GOAL OF THE EXERCISE => The material below holds pictures; leave them out and reproduce exactly the lines from the one with "Shopify Hatchful - Free logo maker" through the one with "English Trifle Veganized", inclusive.

RECORDS SHOWN =>
########

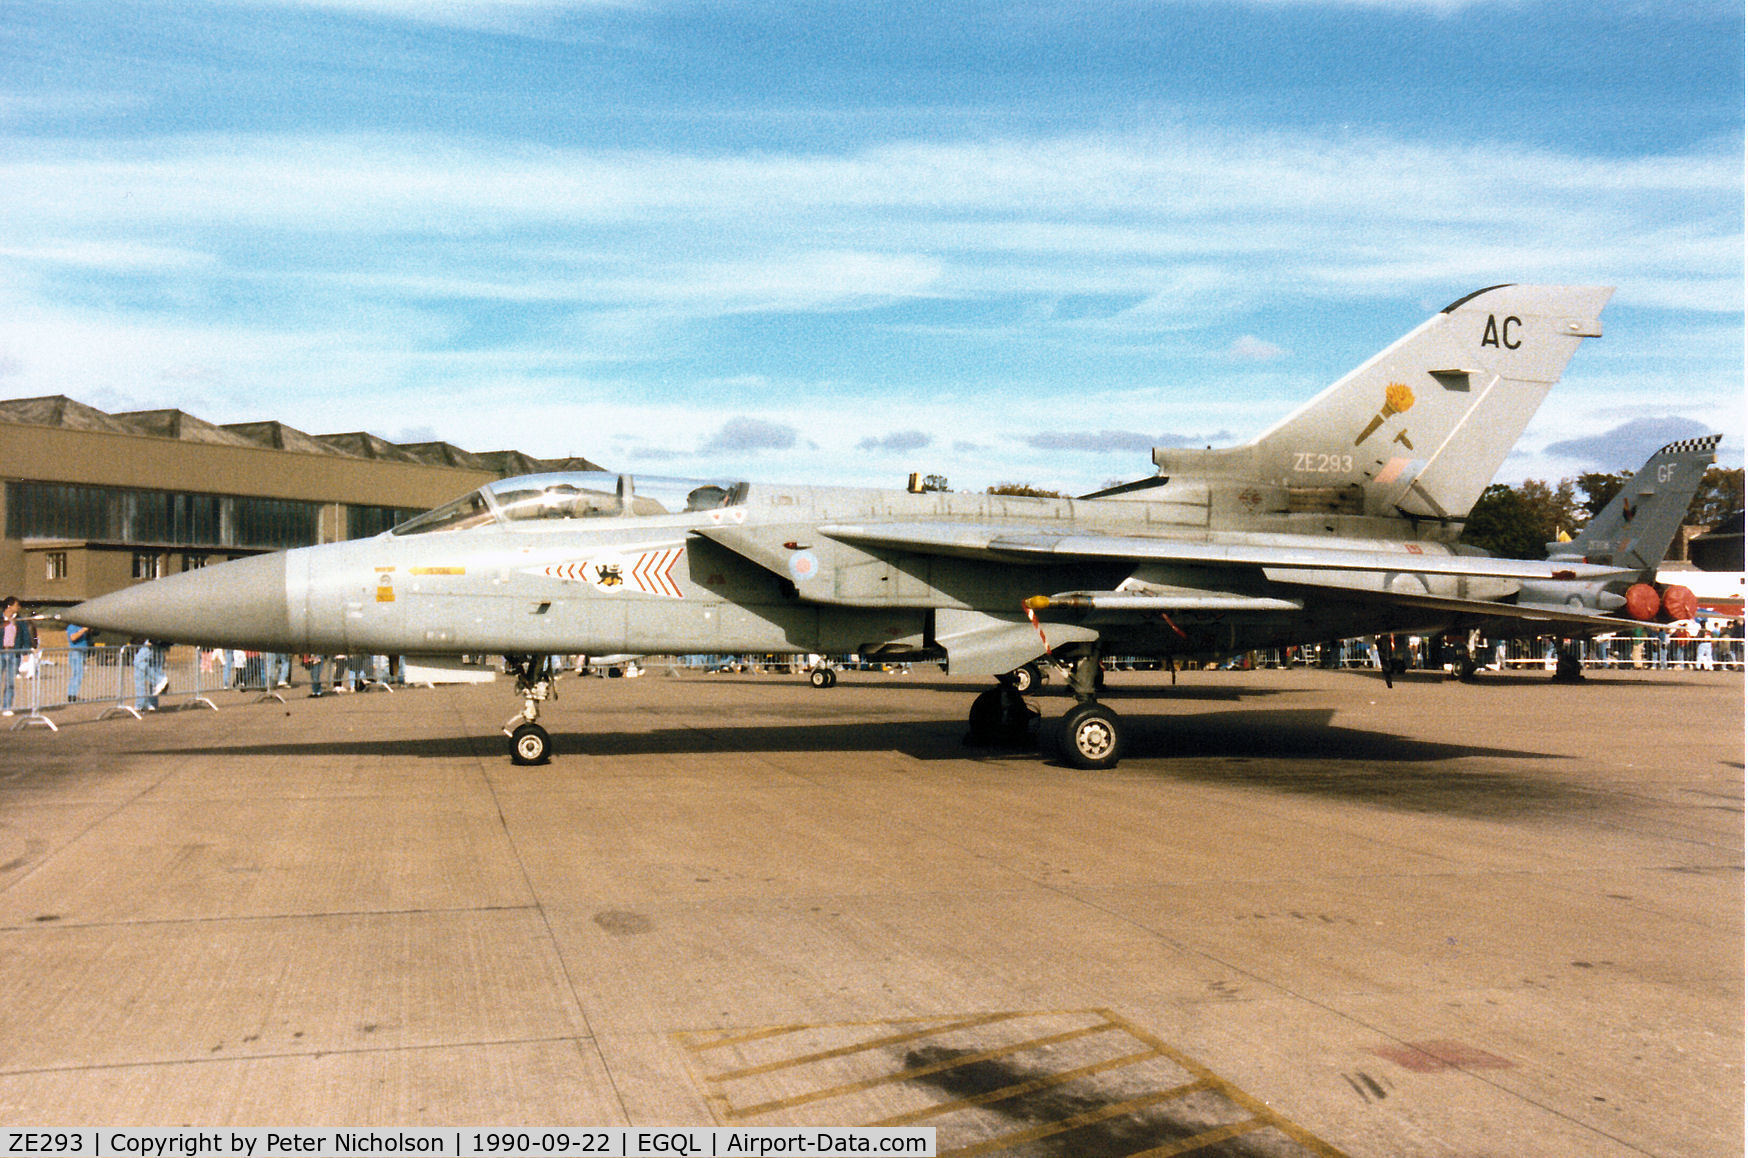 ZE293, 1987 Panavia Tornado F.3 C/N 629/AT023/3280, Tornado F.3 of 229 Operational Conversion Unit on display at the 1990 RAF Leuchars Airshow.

########

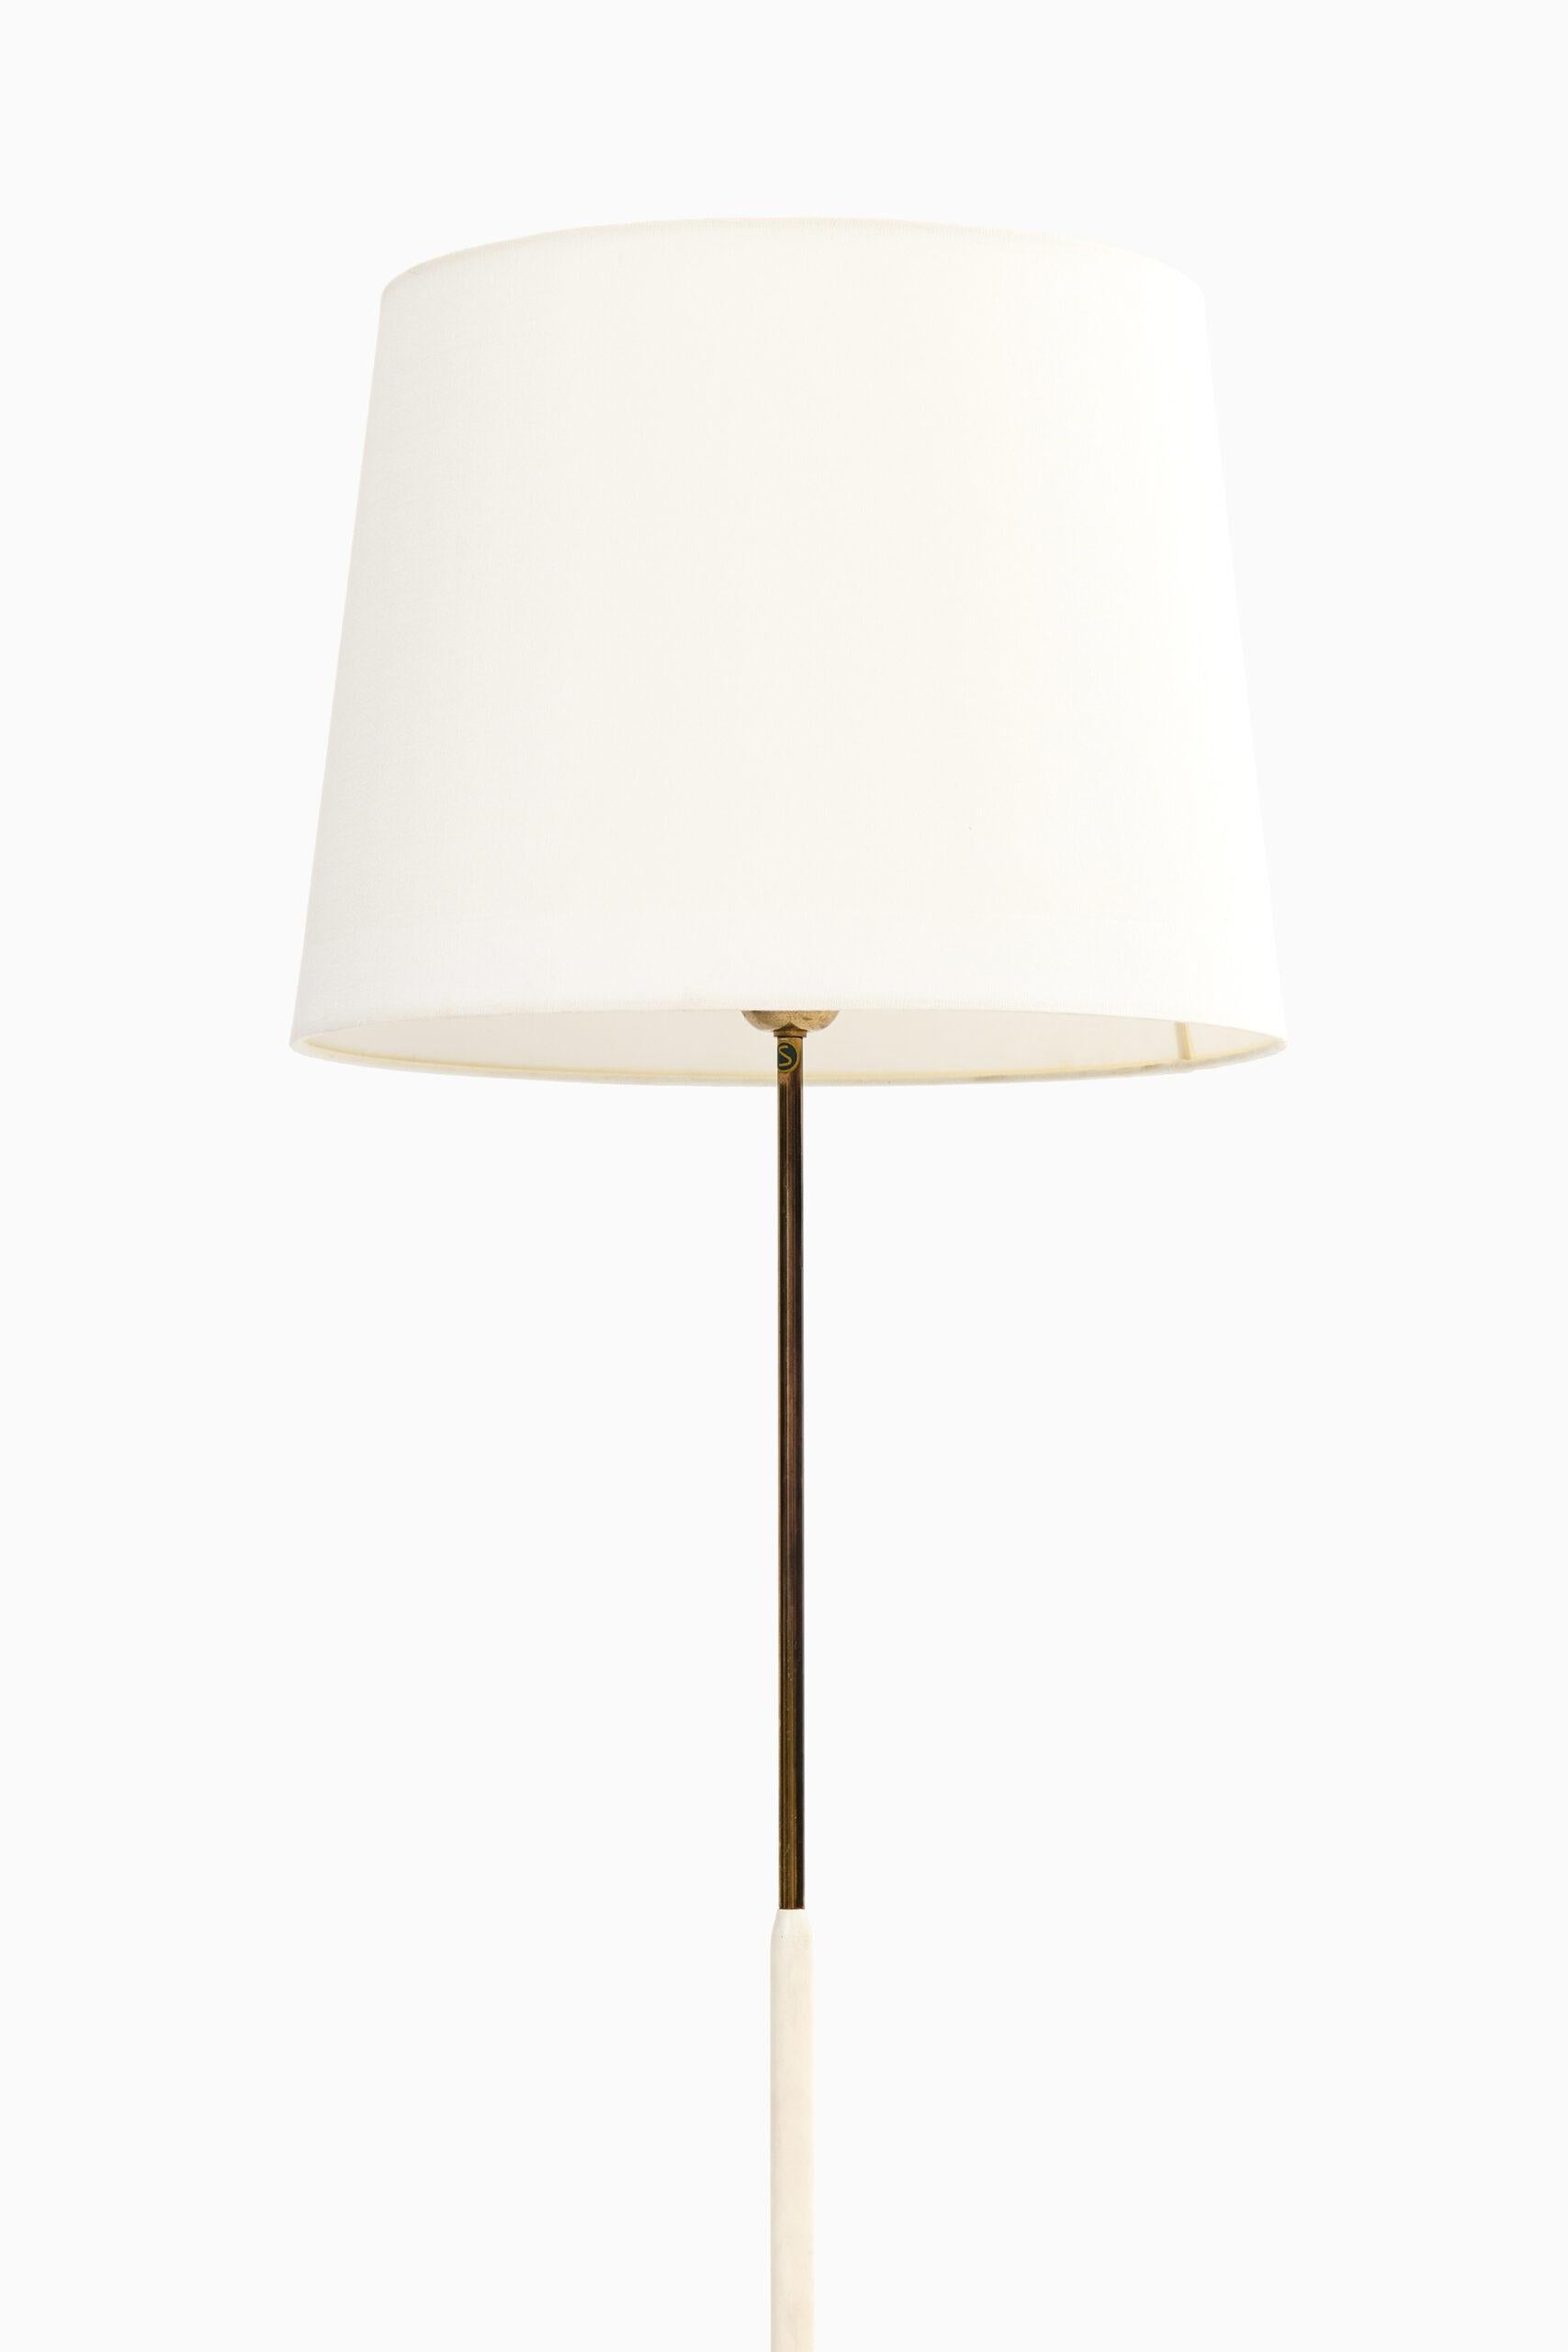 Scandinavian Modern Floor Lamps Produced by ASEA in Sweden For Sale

########

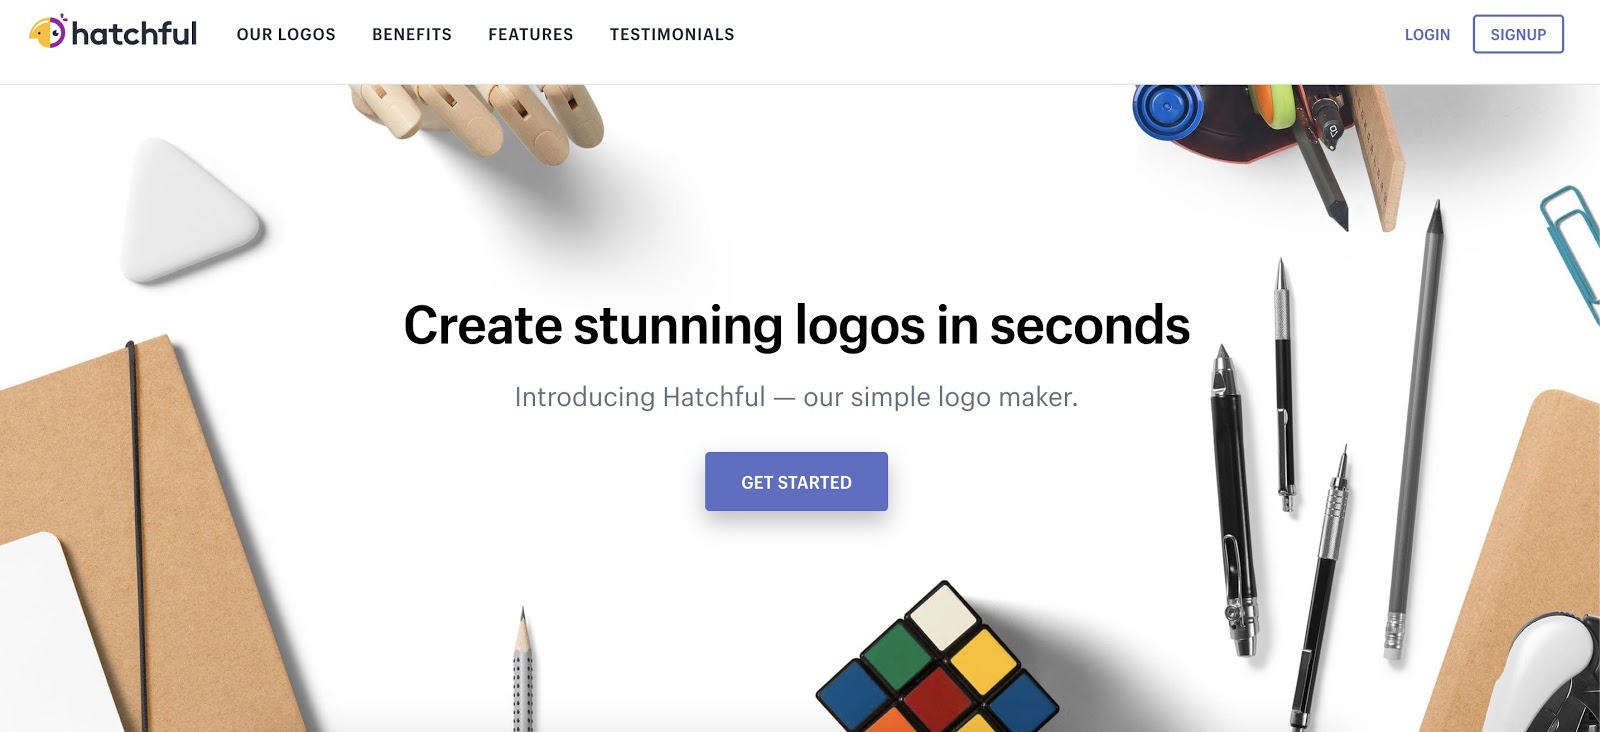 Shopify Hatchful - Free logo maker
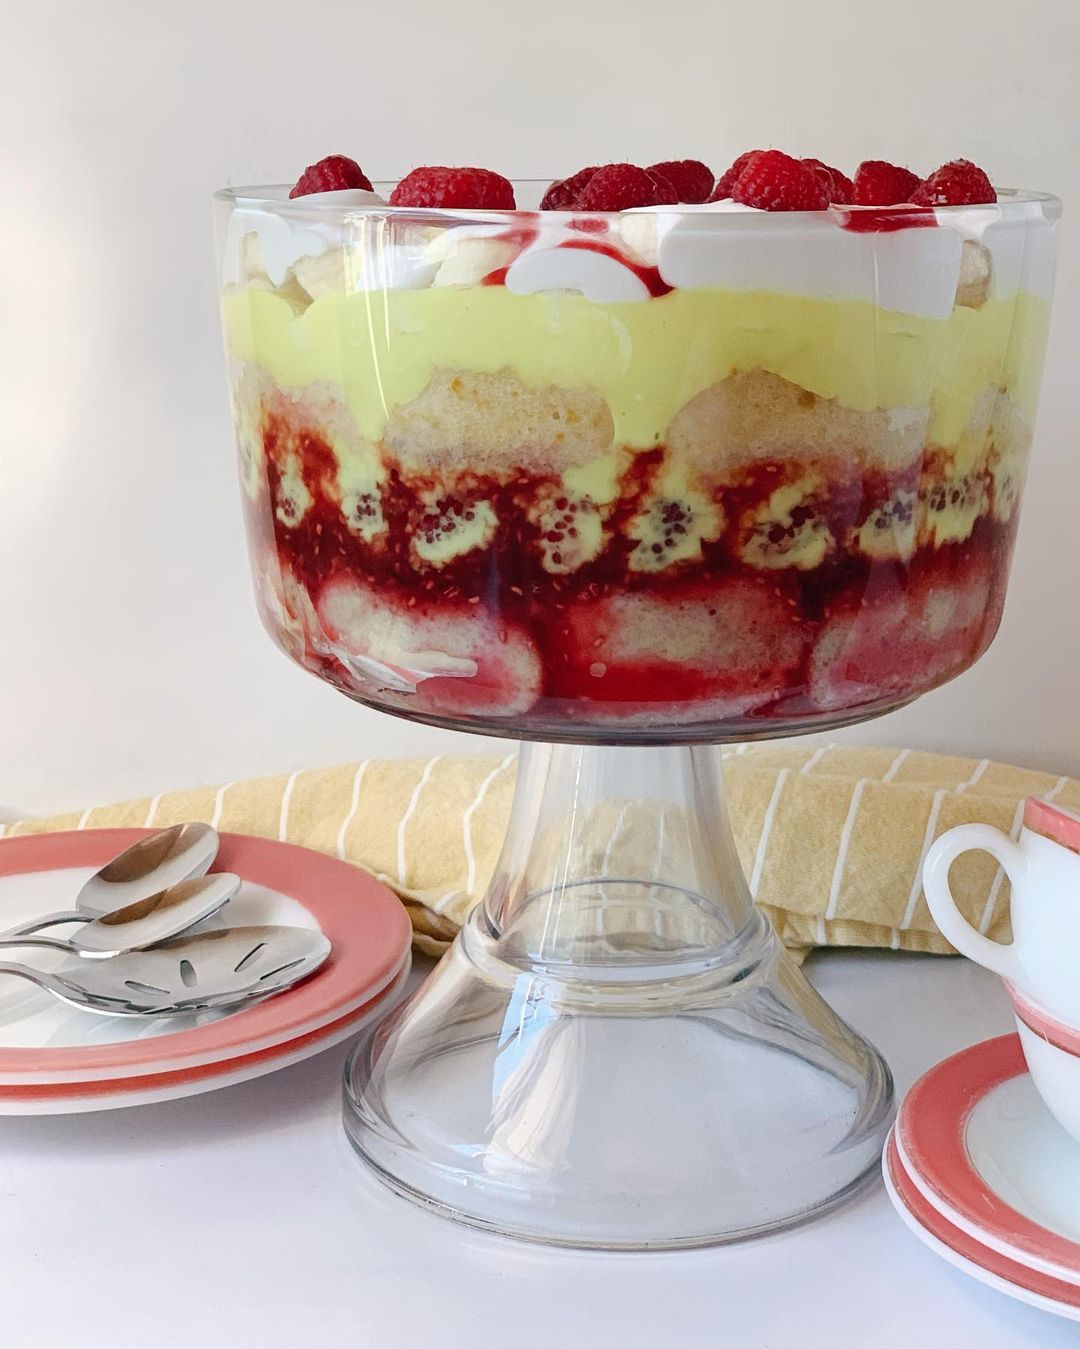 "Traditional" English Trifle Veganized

########

RESULT BELOW =>
 Shopify Hatchful - Free logo maker
 "Traditional" English Trifle Veganized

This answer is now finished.